> _Supplied data_:
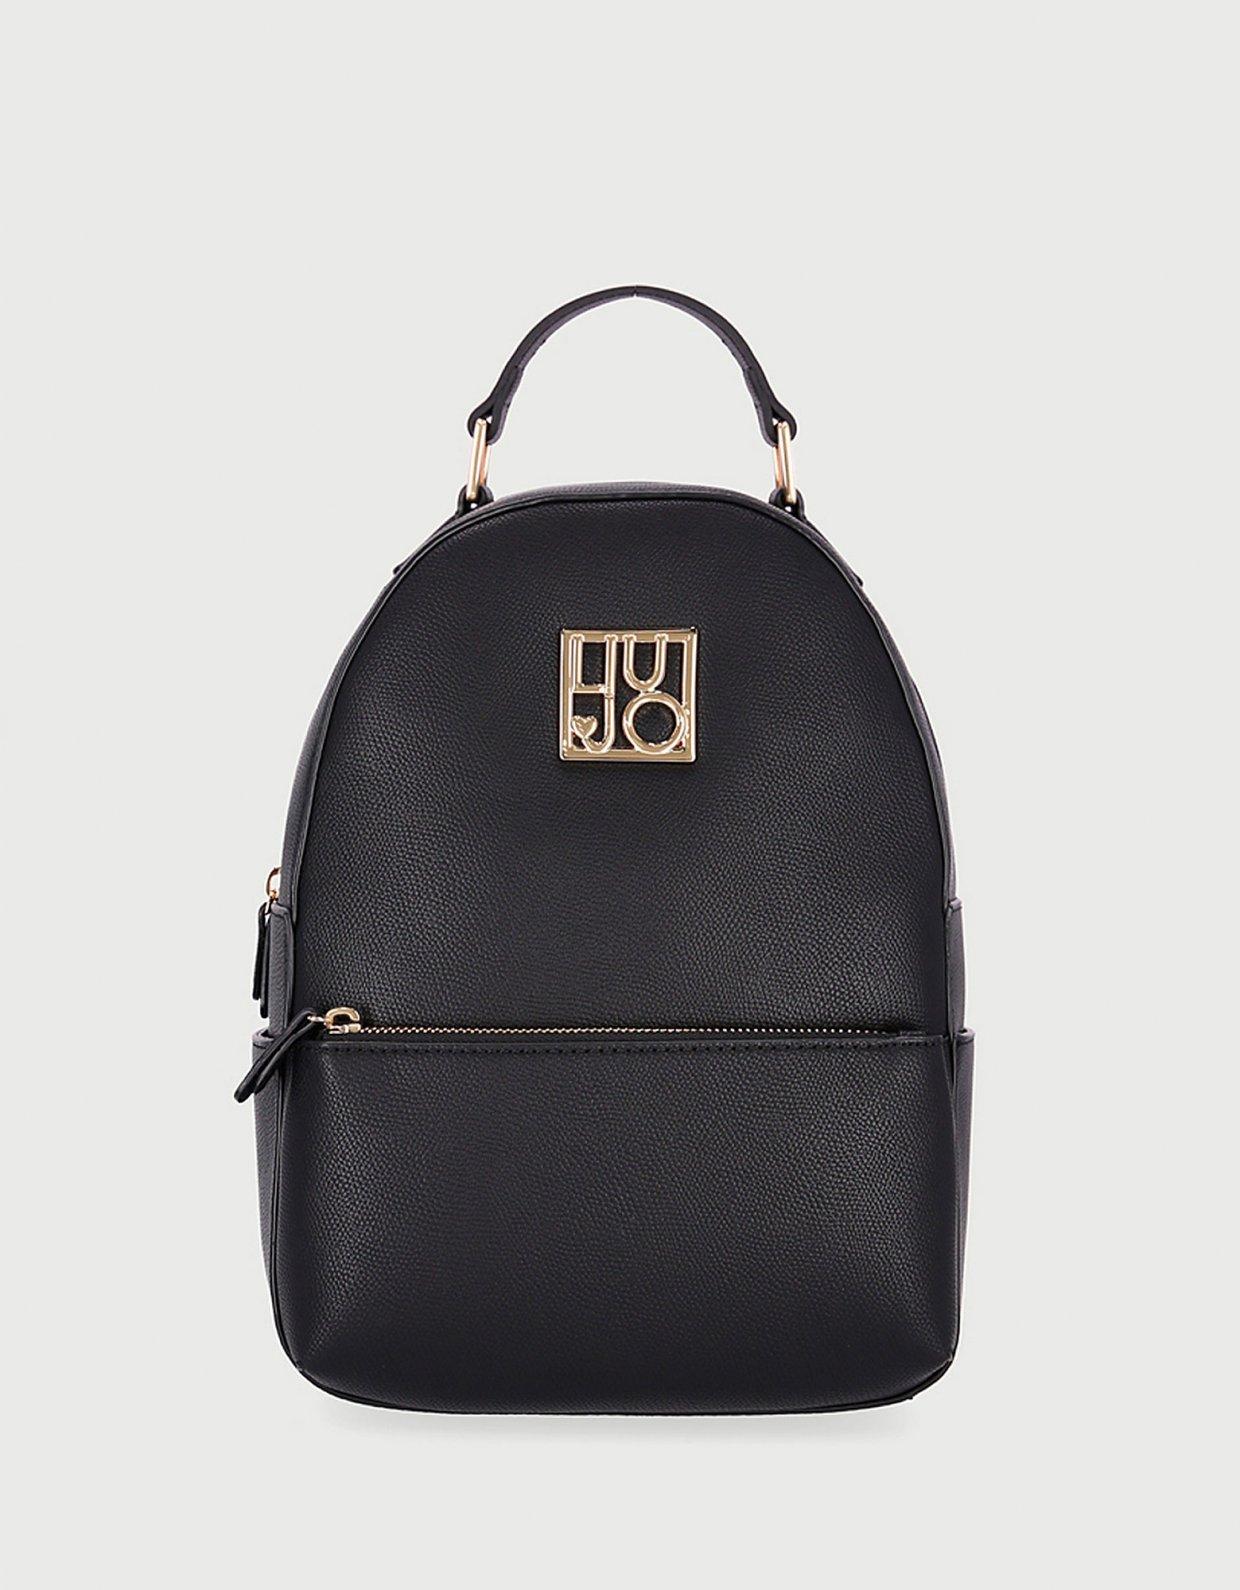 Liu Jo Eco-friendly backpack black
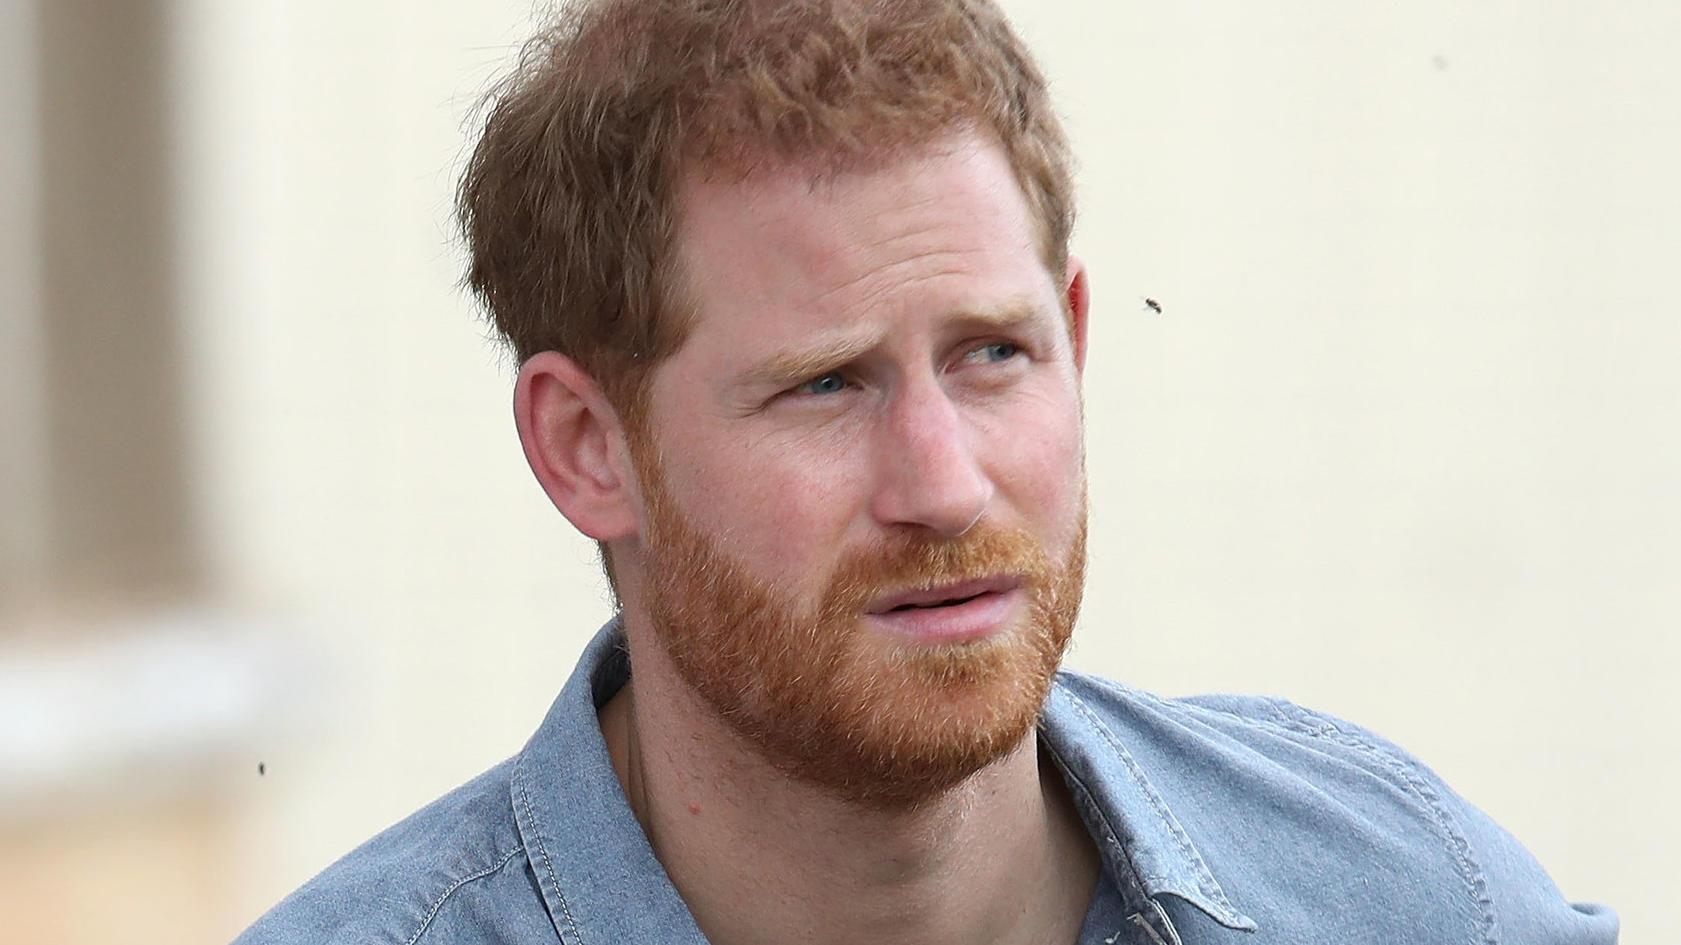 Prinz Harry soll schon in wenigen Jahren haarlos sein.
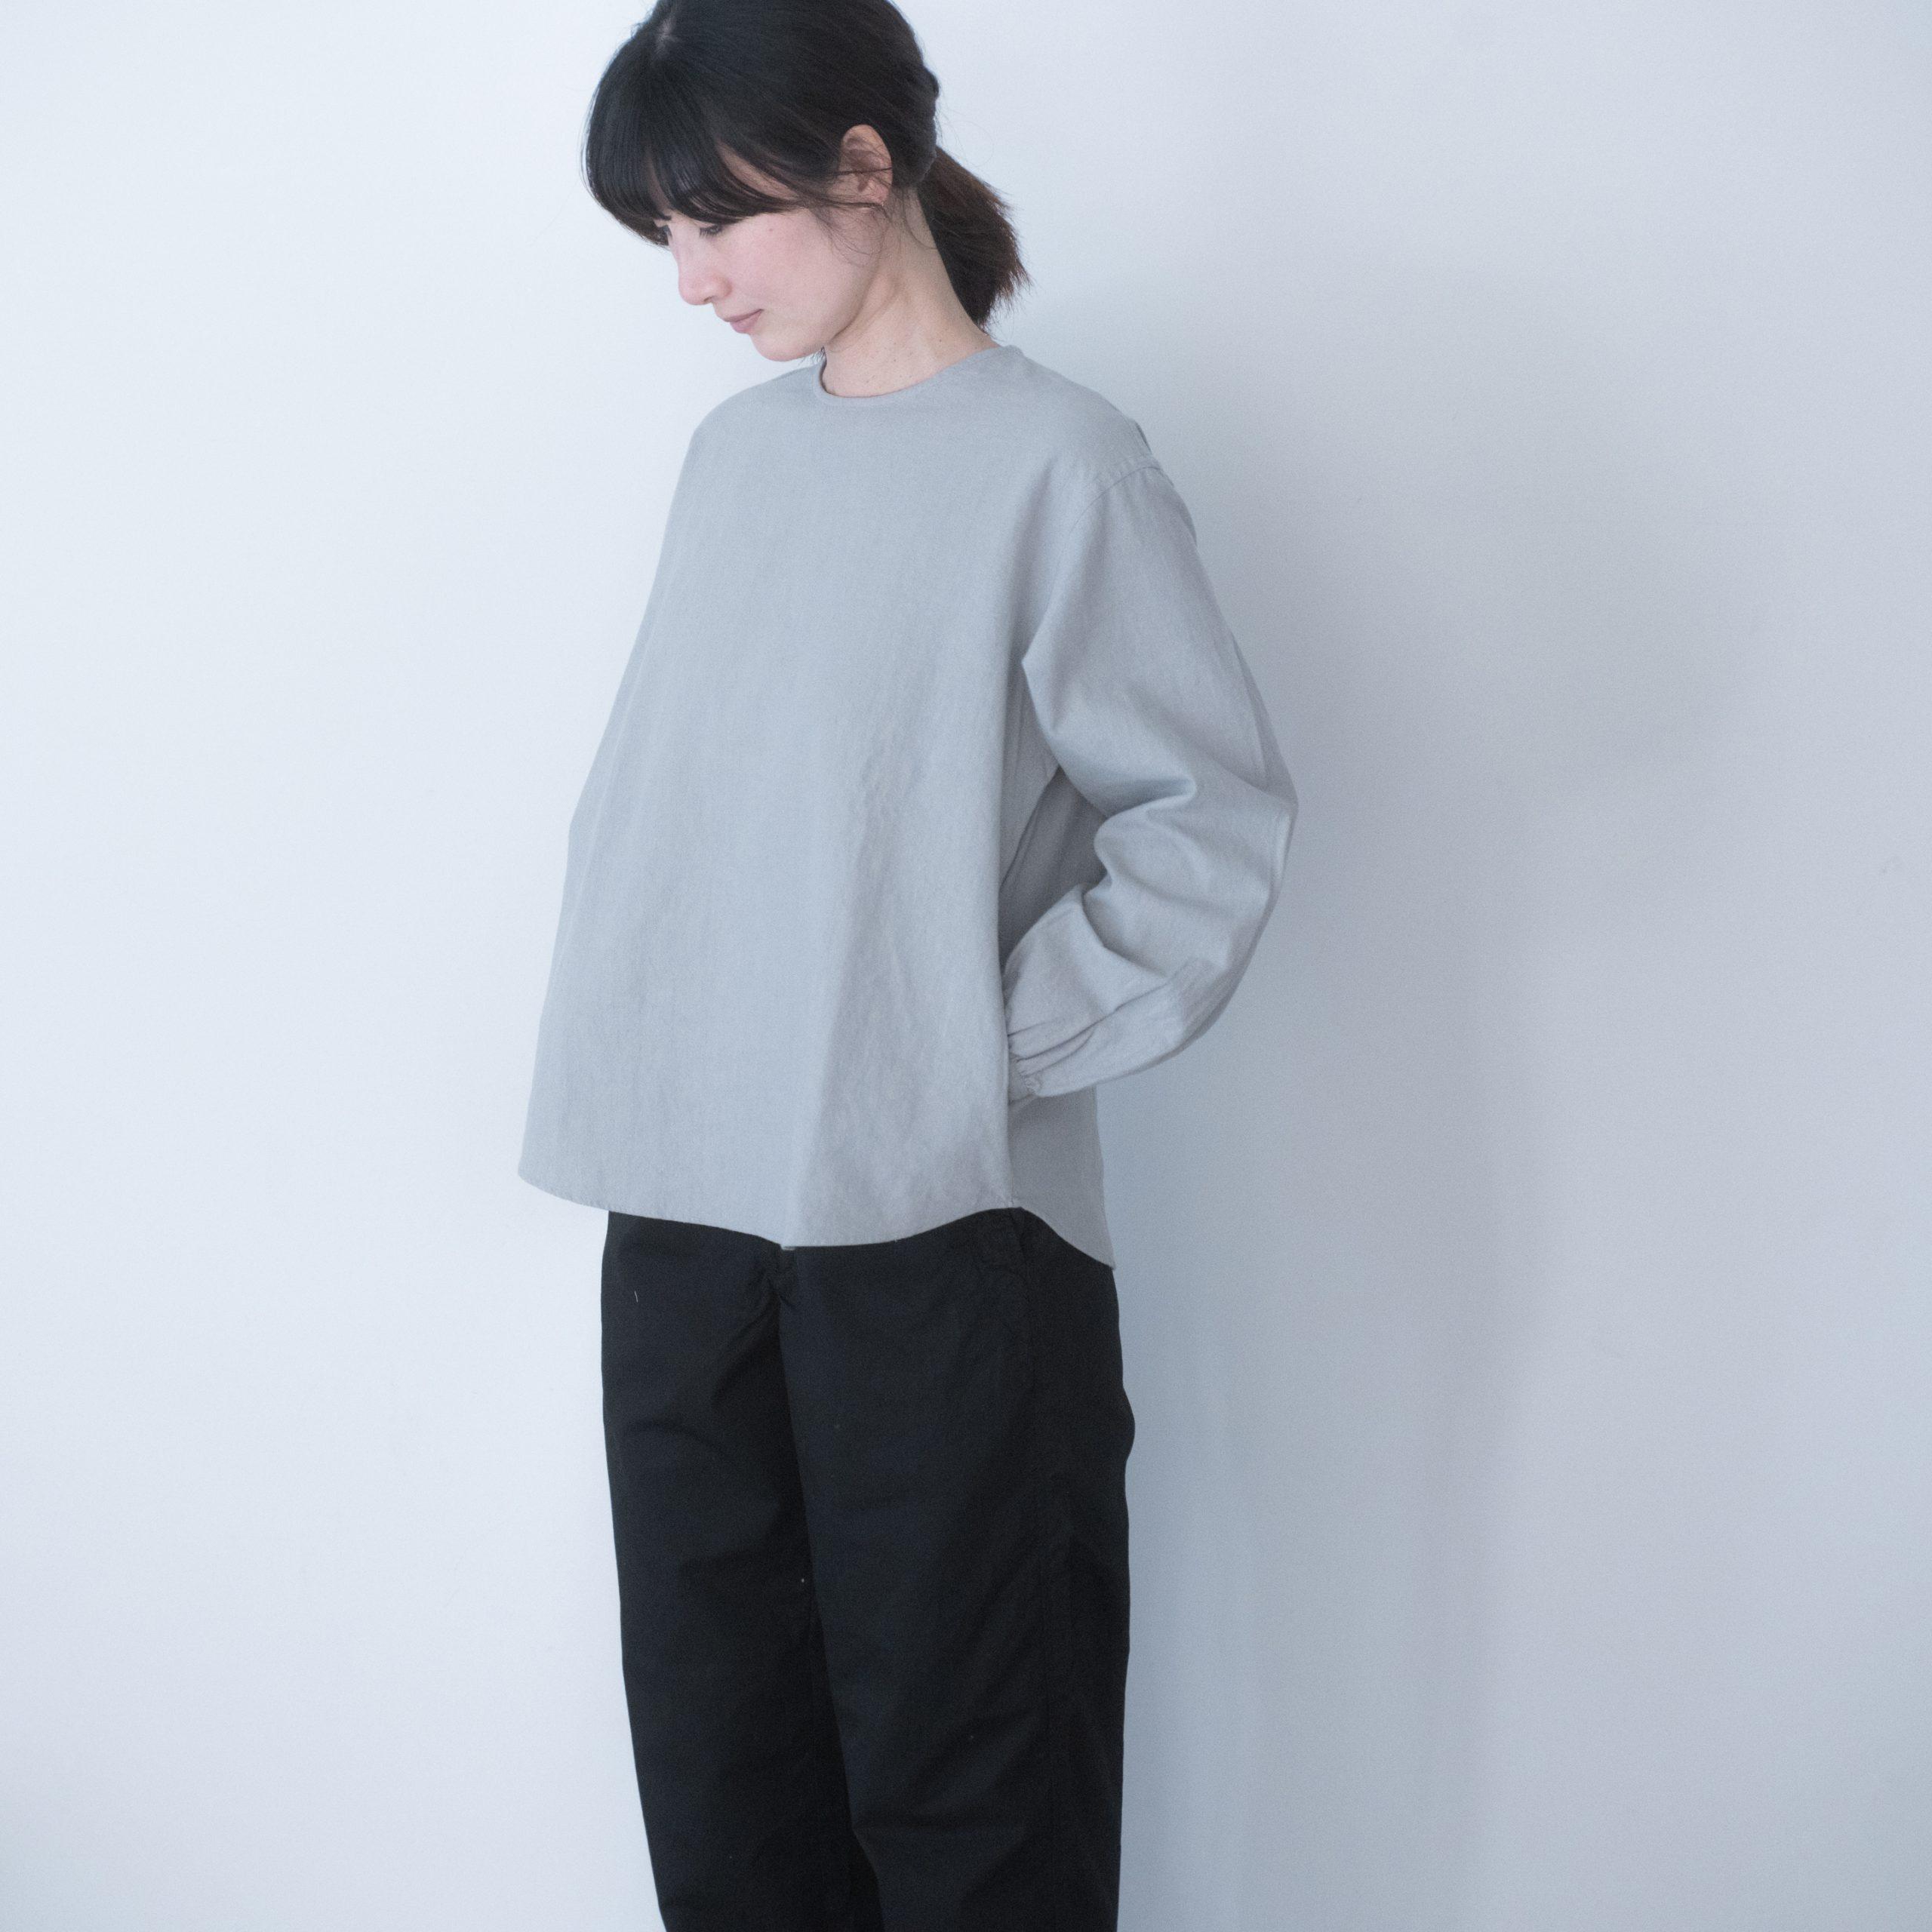 CREW(grey)
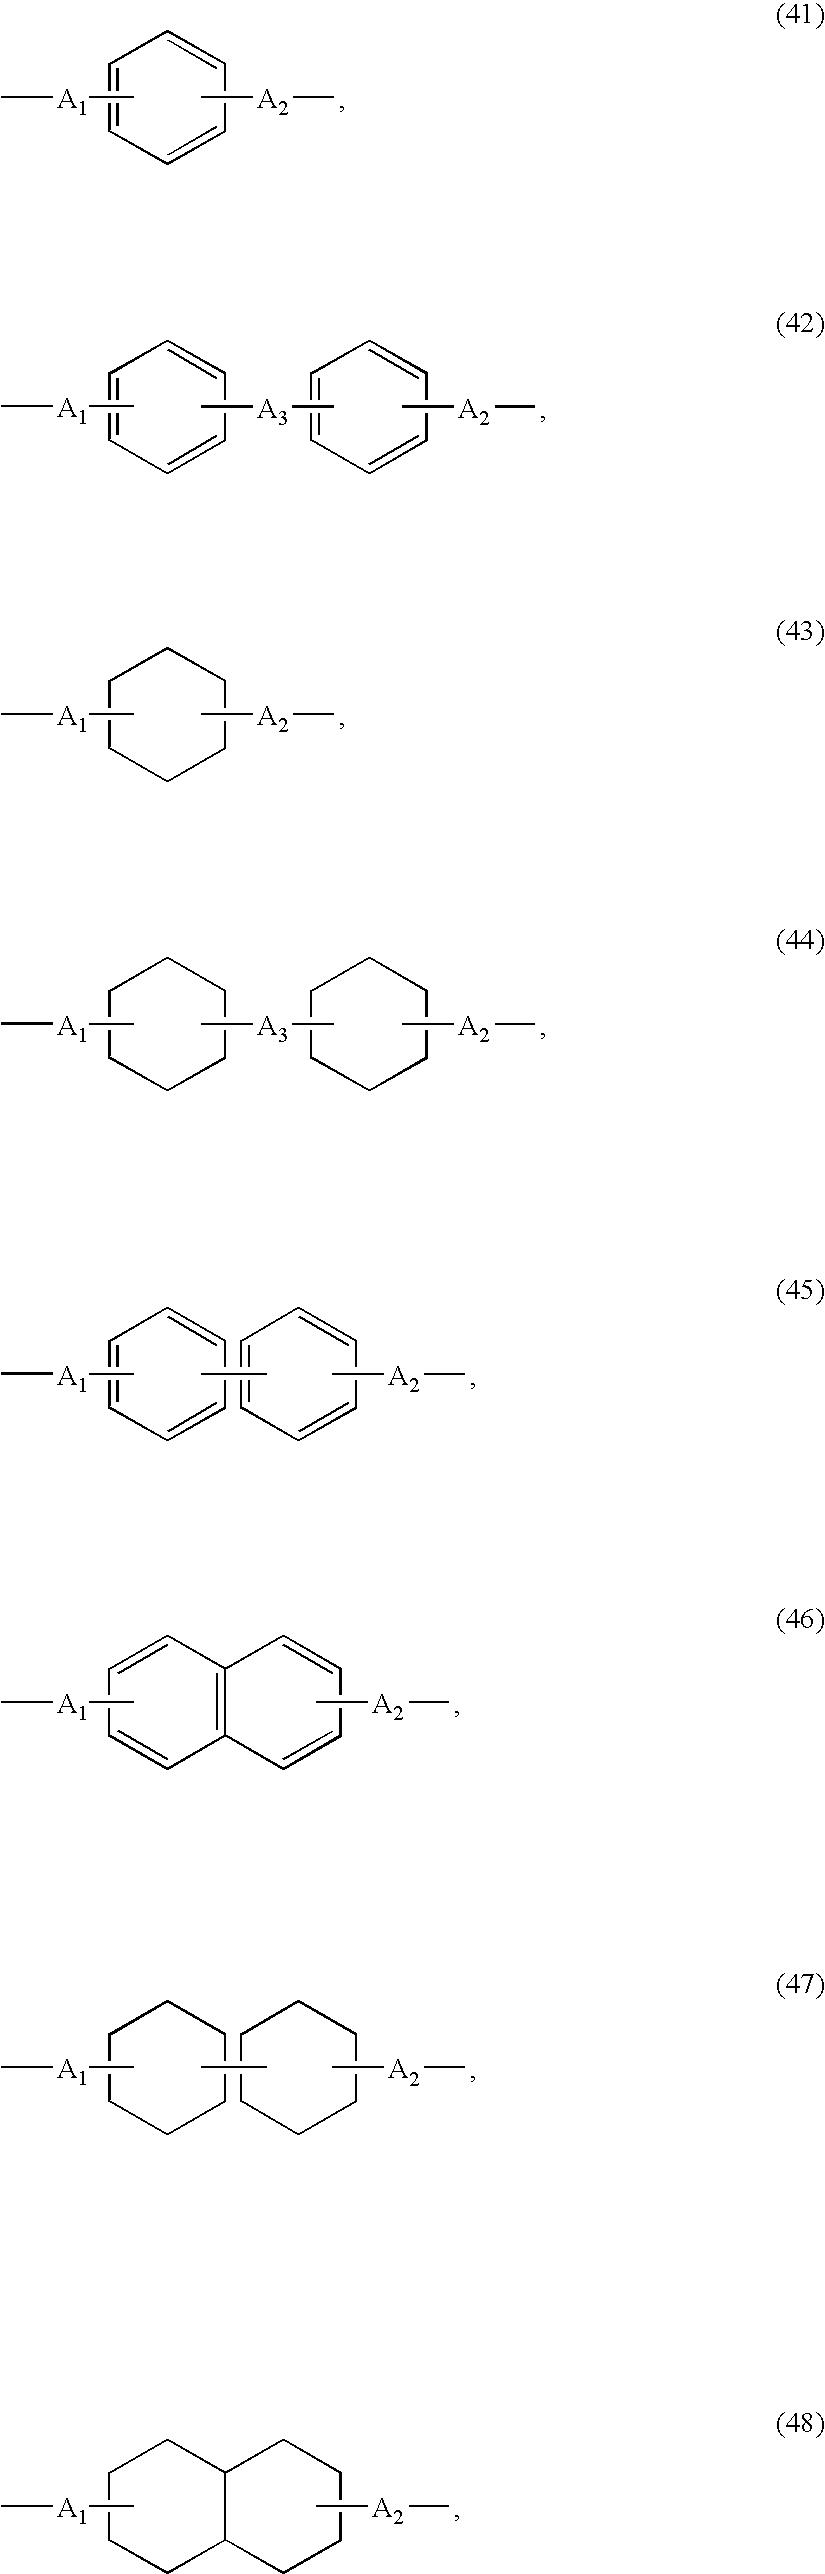 Figure US20050004325A1-20050106-C00027

> _Exercise goal_: Pictures stay out. Write out everything else in the material exactly.

> _Answer to the exercise_:
 Liu Jo Eco-friendly backpack black
 Prinz Harry soll schon in wenigen Jahren haarlos sein.
 CREW(grey)
 Figure US20050004325A1-20050106-C00027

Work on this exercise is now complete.